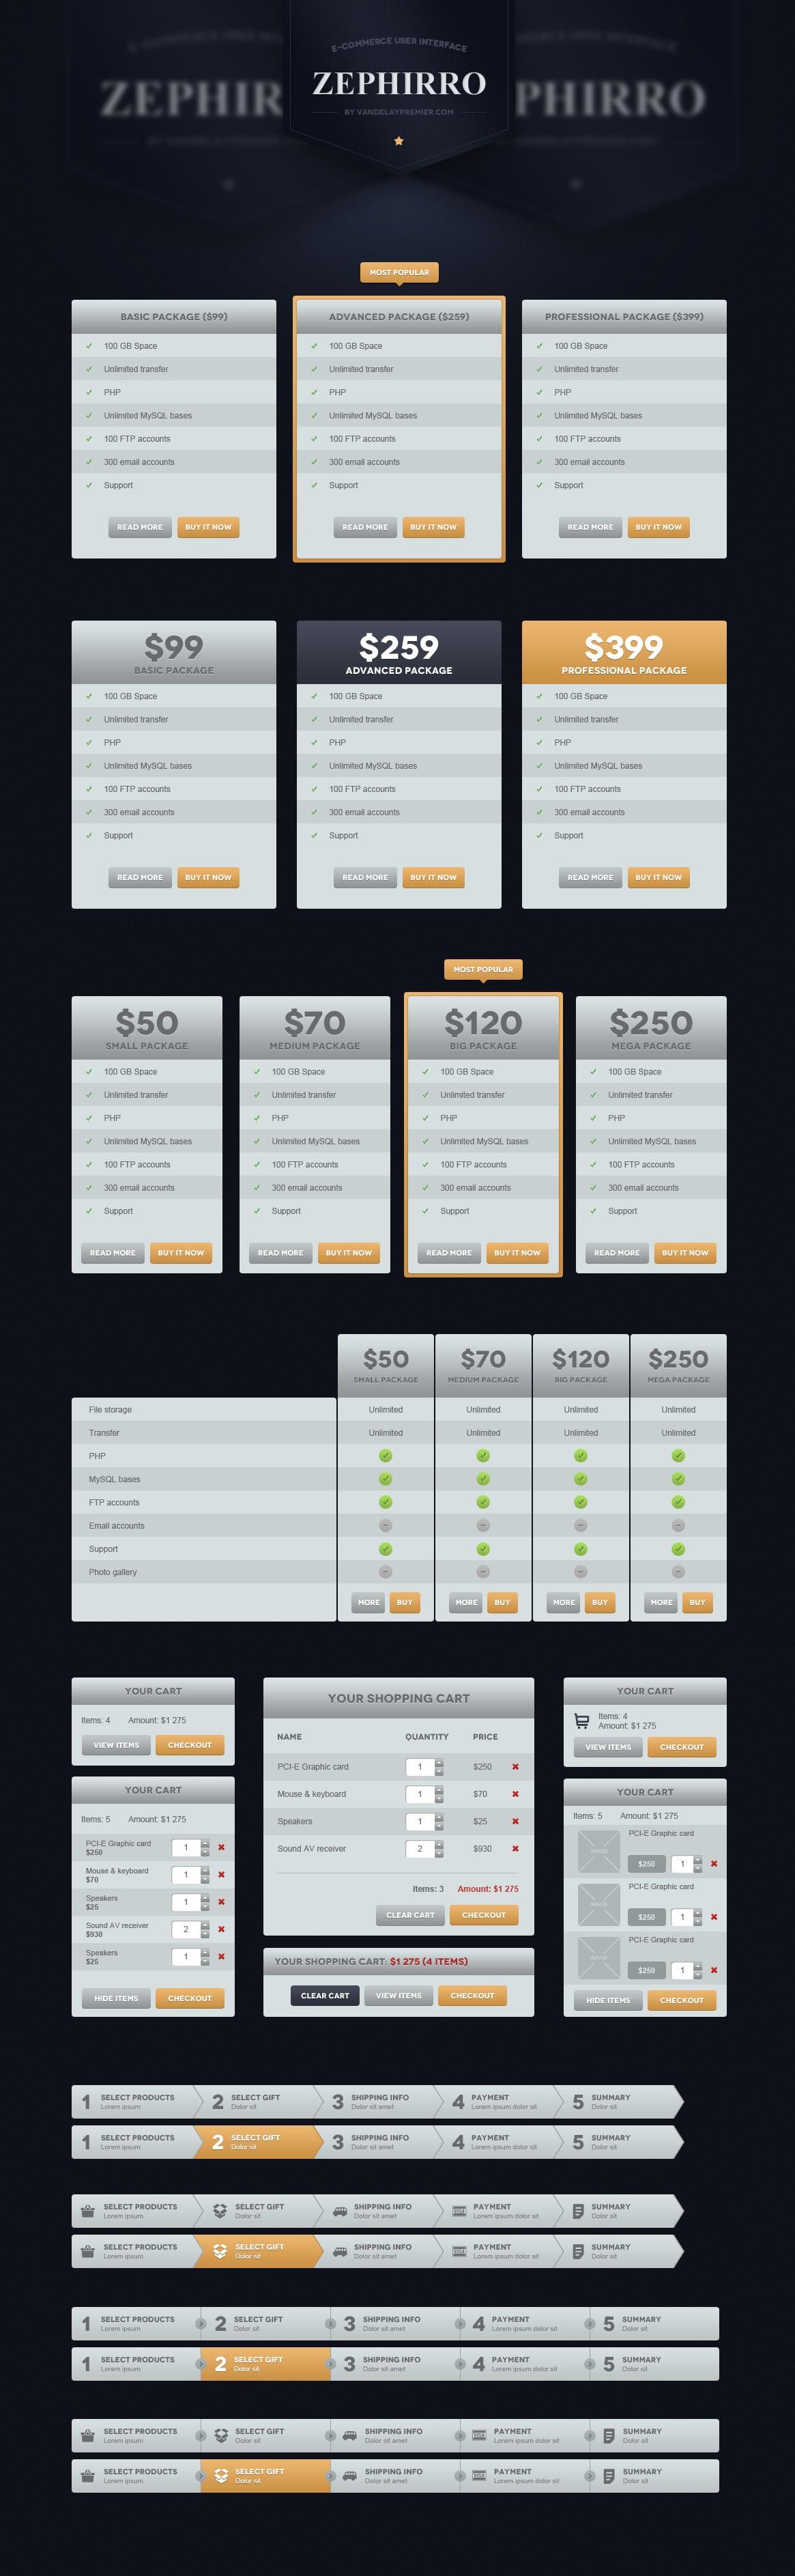 Zephirro E-Commerce UI Set
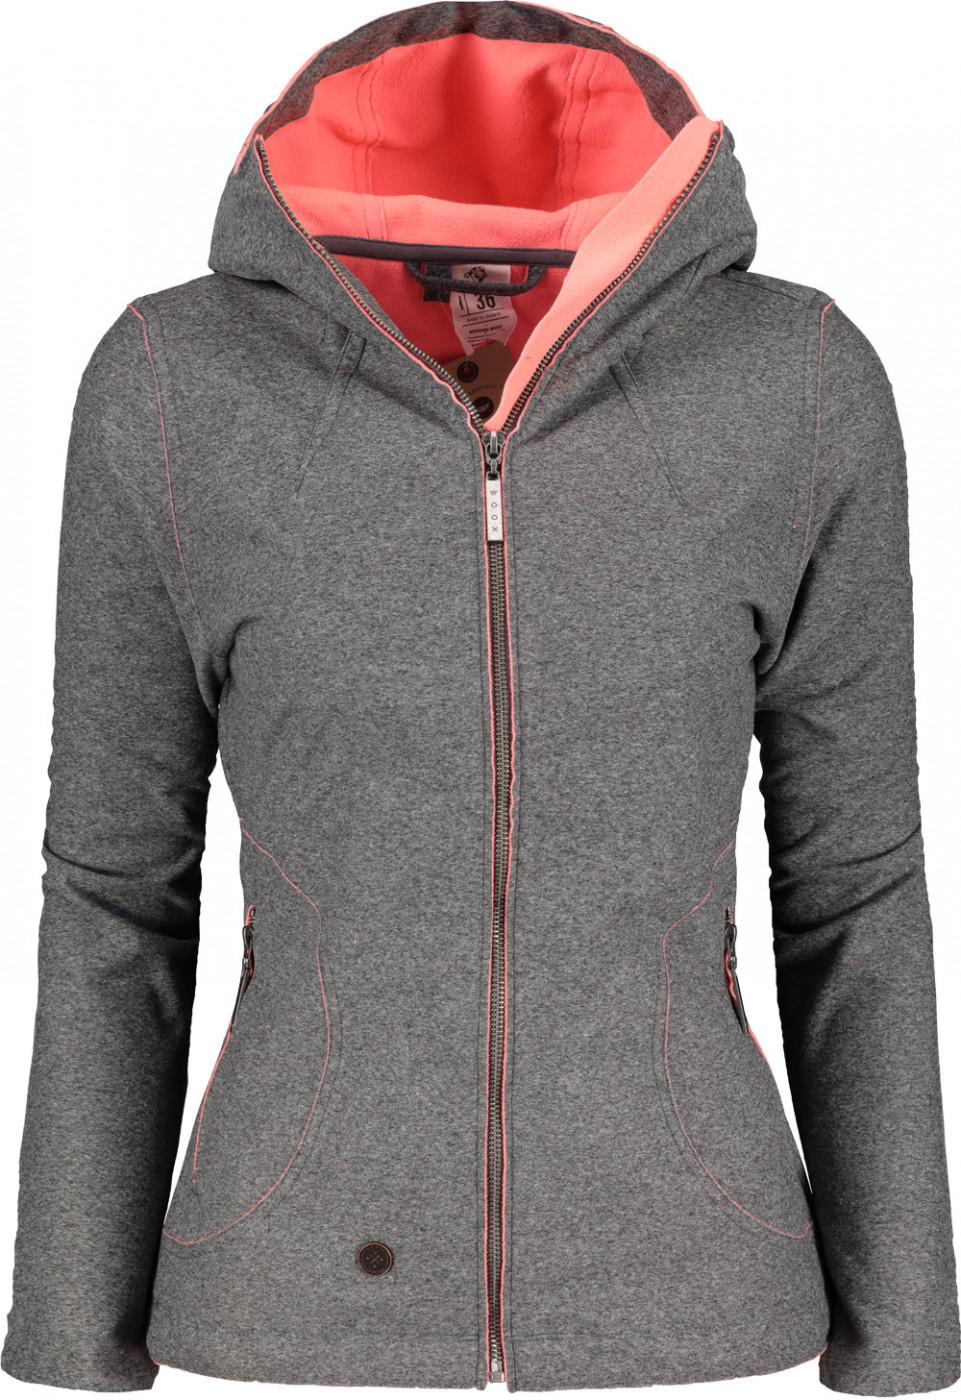 Women's jacket WOOX Woolshell Pilosella
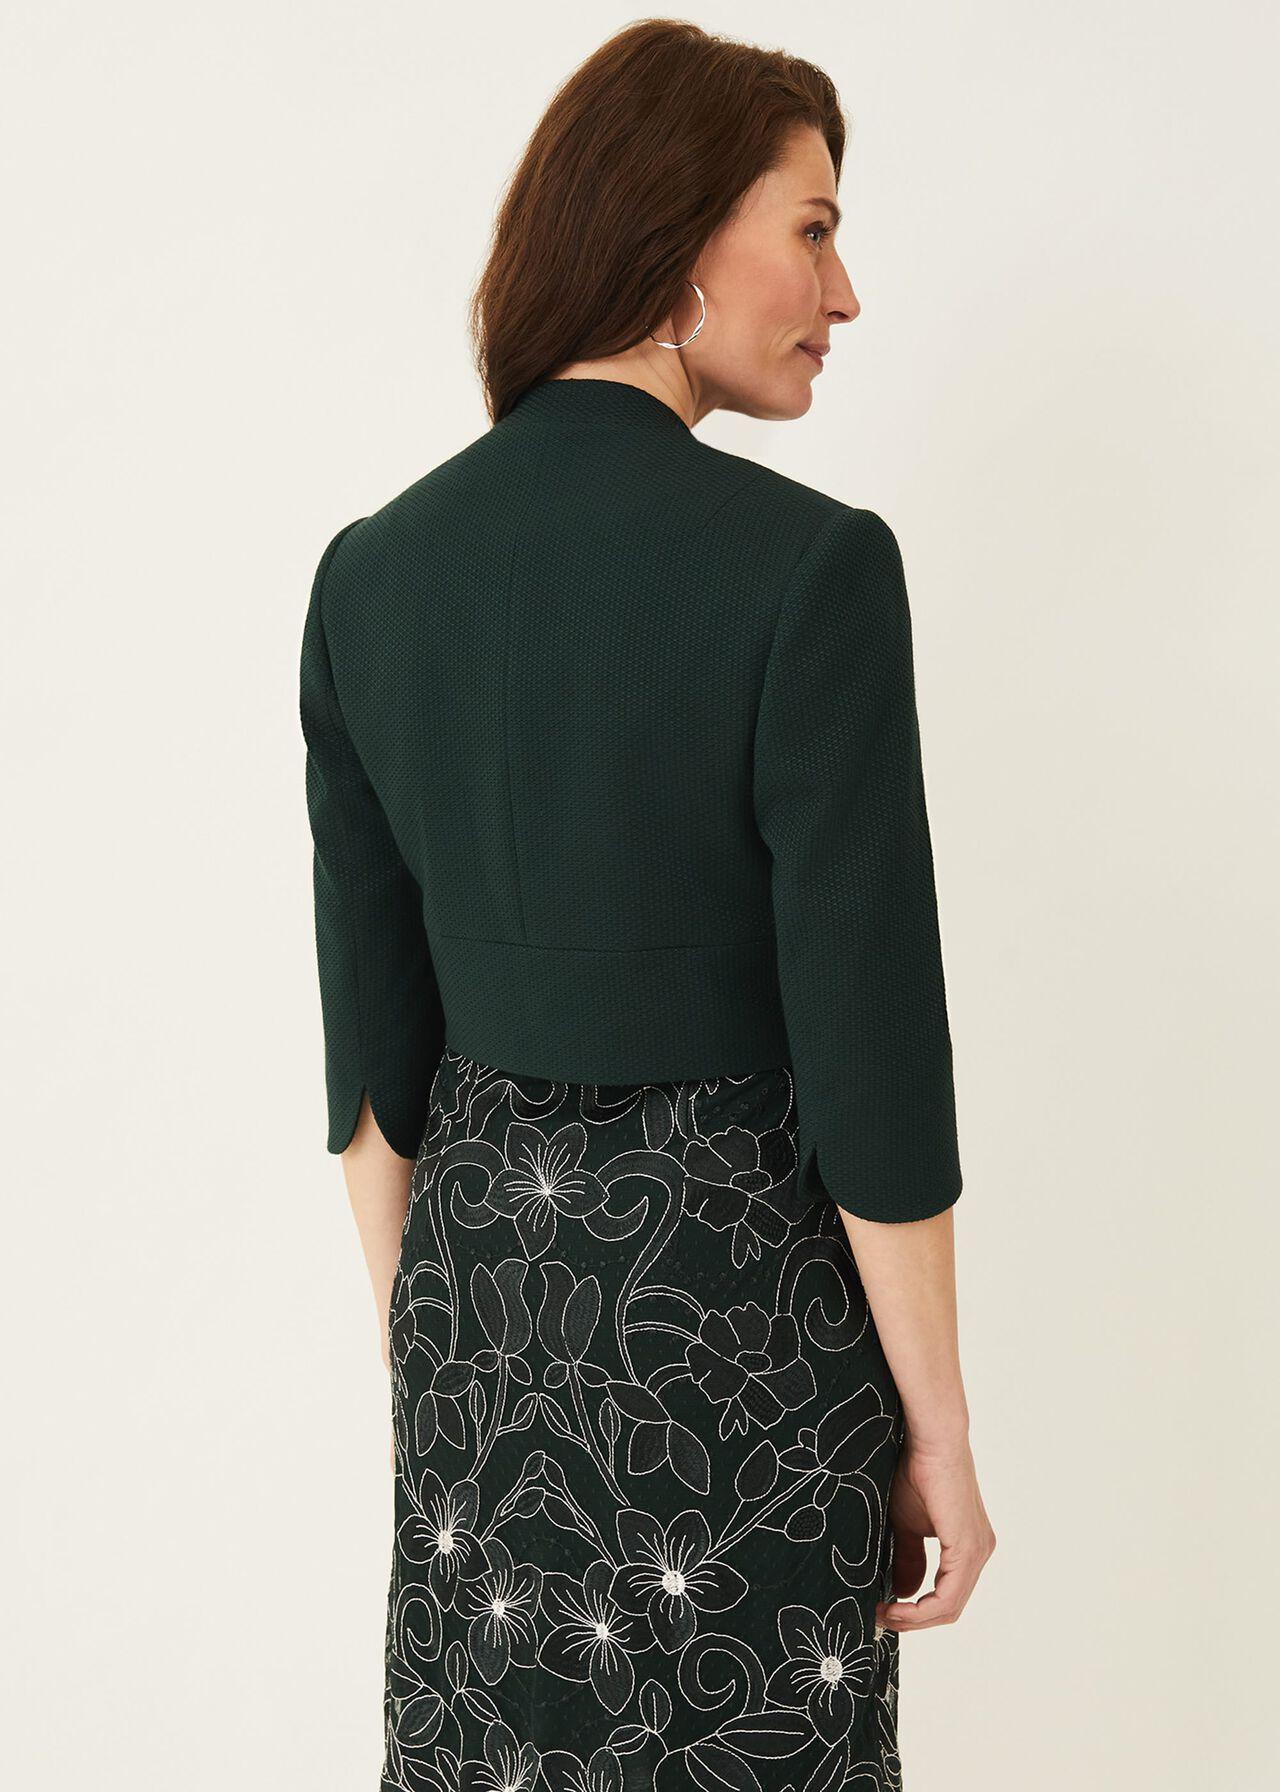 Seraphina Textured Jacket
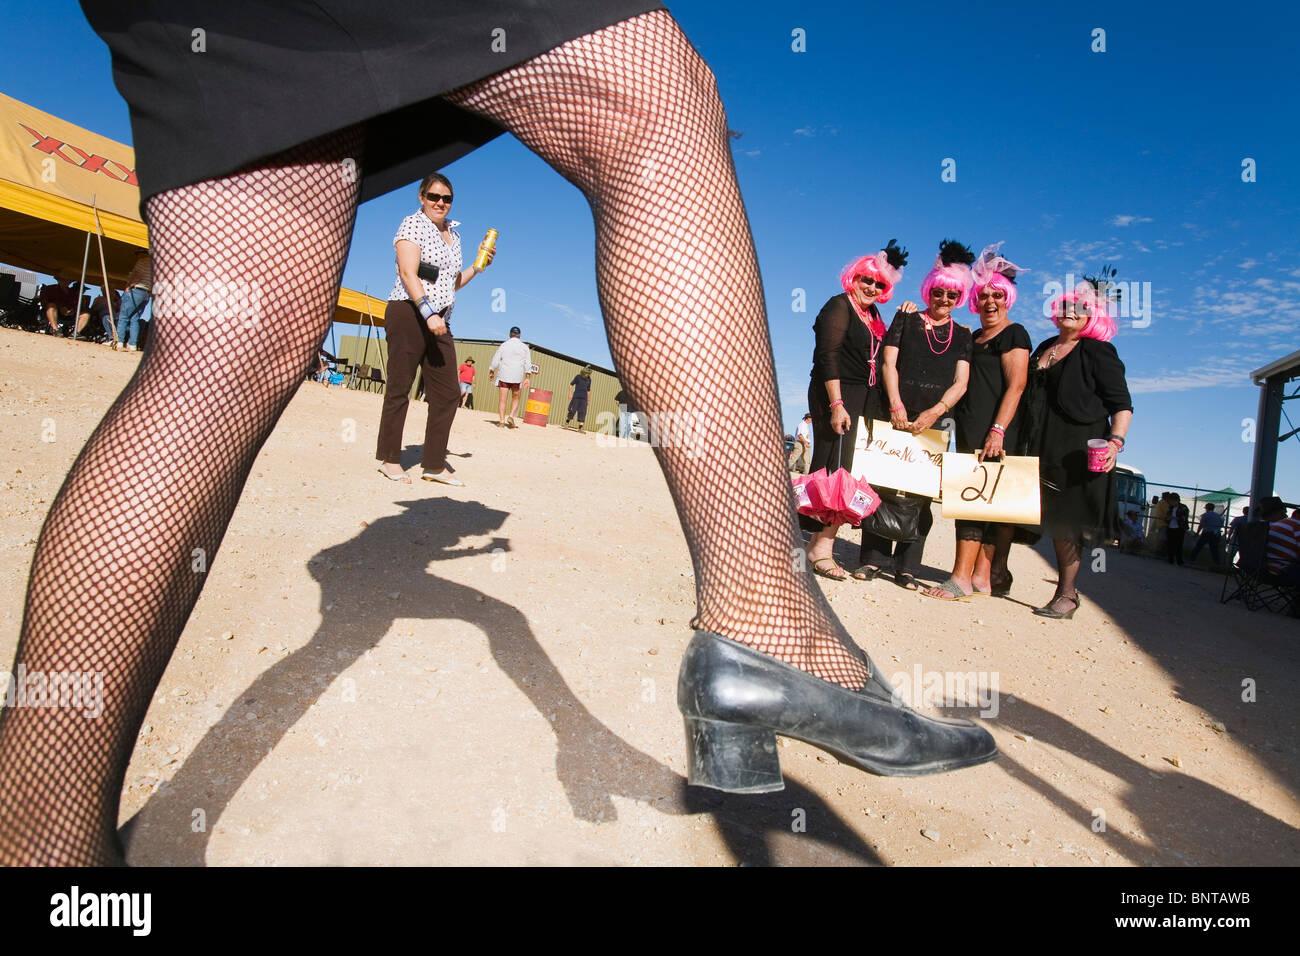 Race goers in costume dress for the fun of the Birdsville Races.  Birdsville, Queensland, AUSTRALIA. - Stock Image
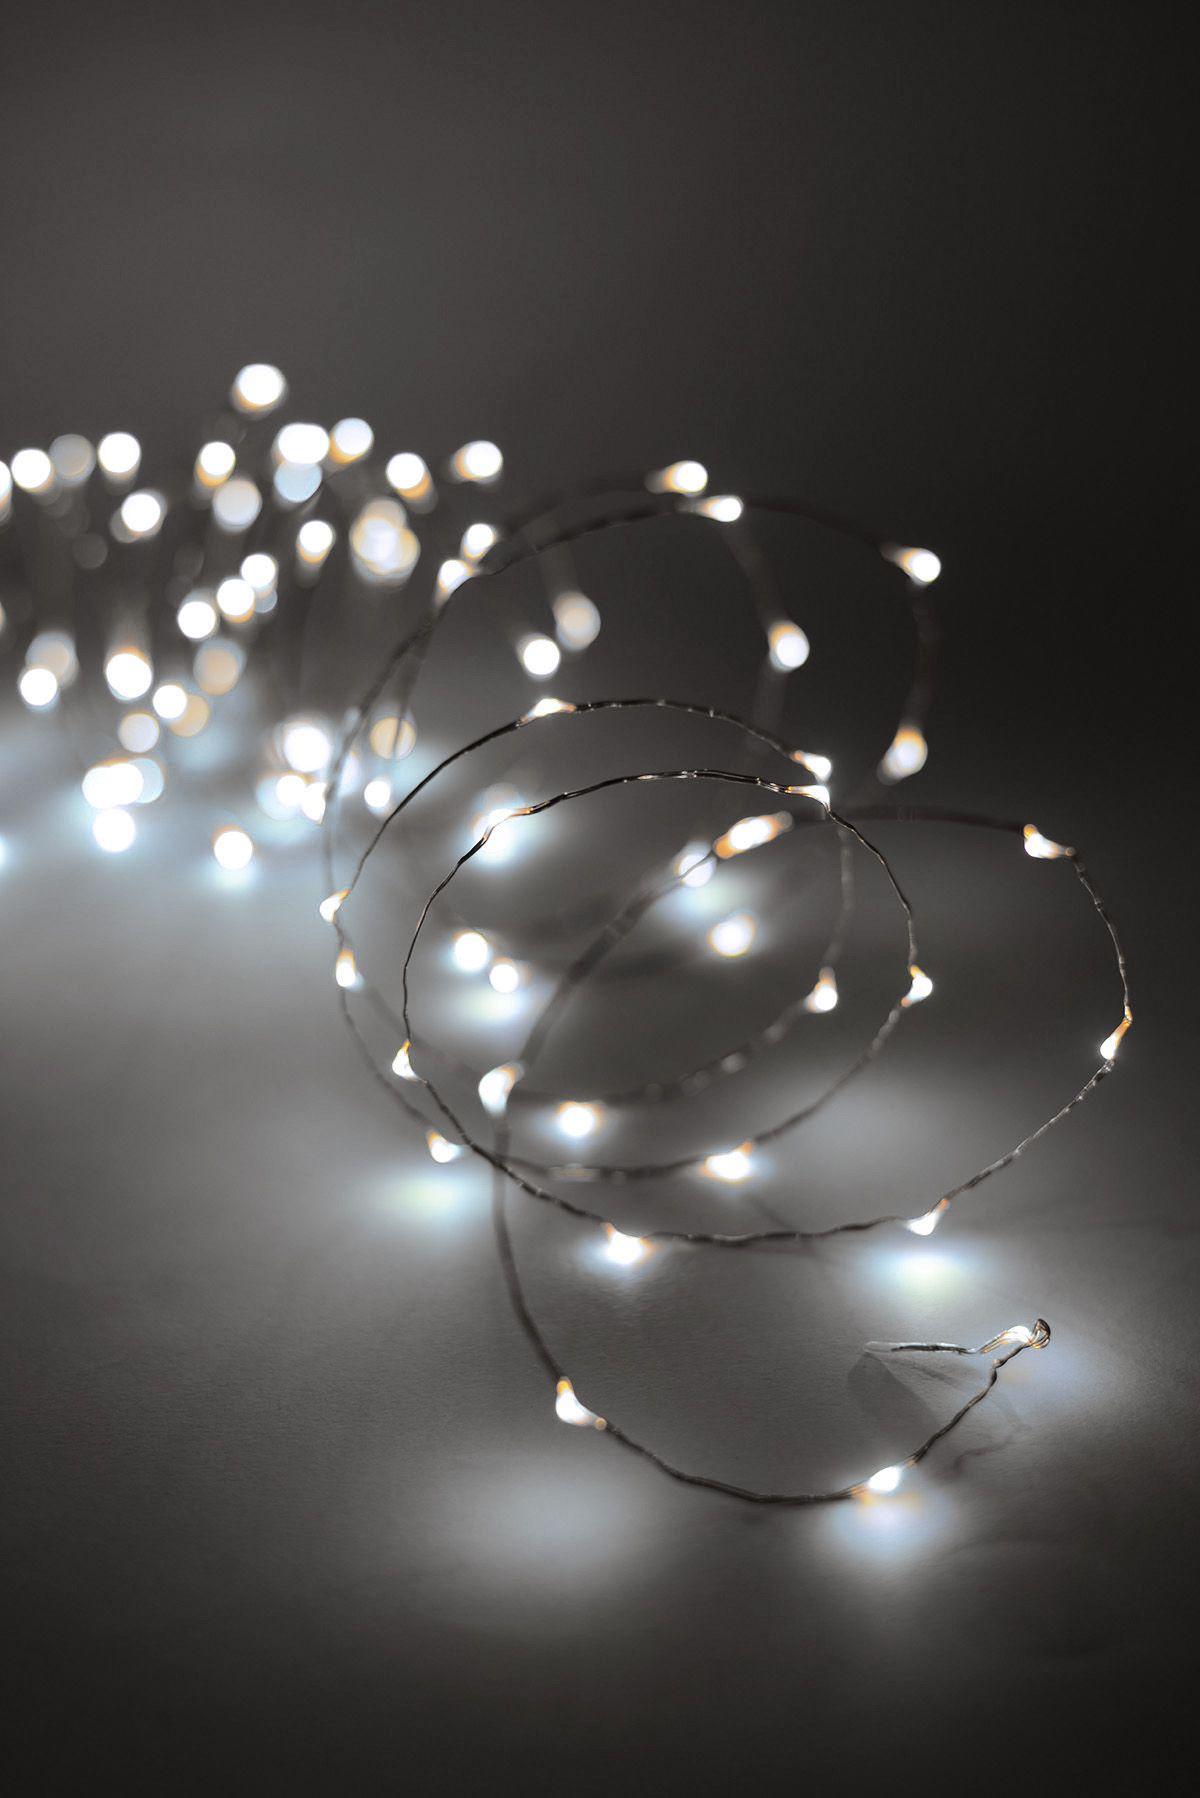 Cool white firefly lights | Pinterest | Fireflies, Starry night ...

DIRECTIONS FOR THIS TASK:
Line by line, write out the data above exactly, without the pictures.

TASK SOLUTION:
 Zephirro E-Commerce UI Set
 Women's jacket WOOX Woolshell Pilosella
 Seraphina Textured Jacket
 Race goers in costume dress for the fun of the Birdsville Races.  Birdsville, Queensland, AUSTRALIA. - Stock Image
 Cool white firefly lights | Pinterest | Fireflies, Starry night ...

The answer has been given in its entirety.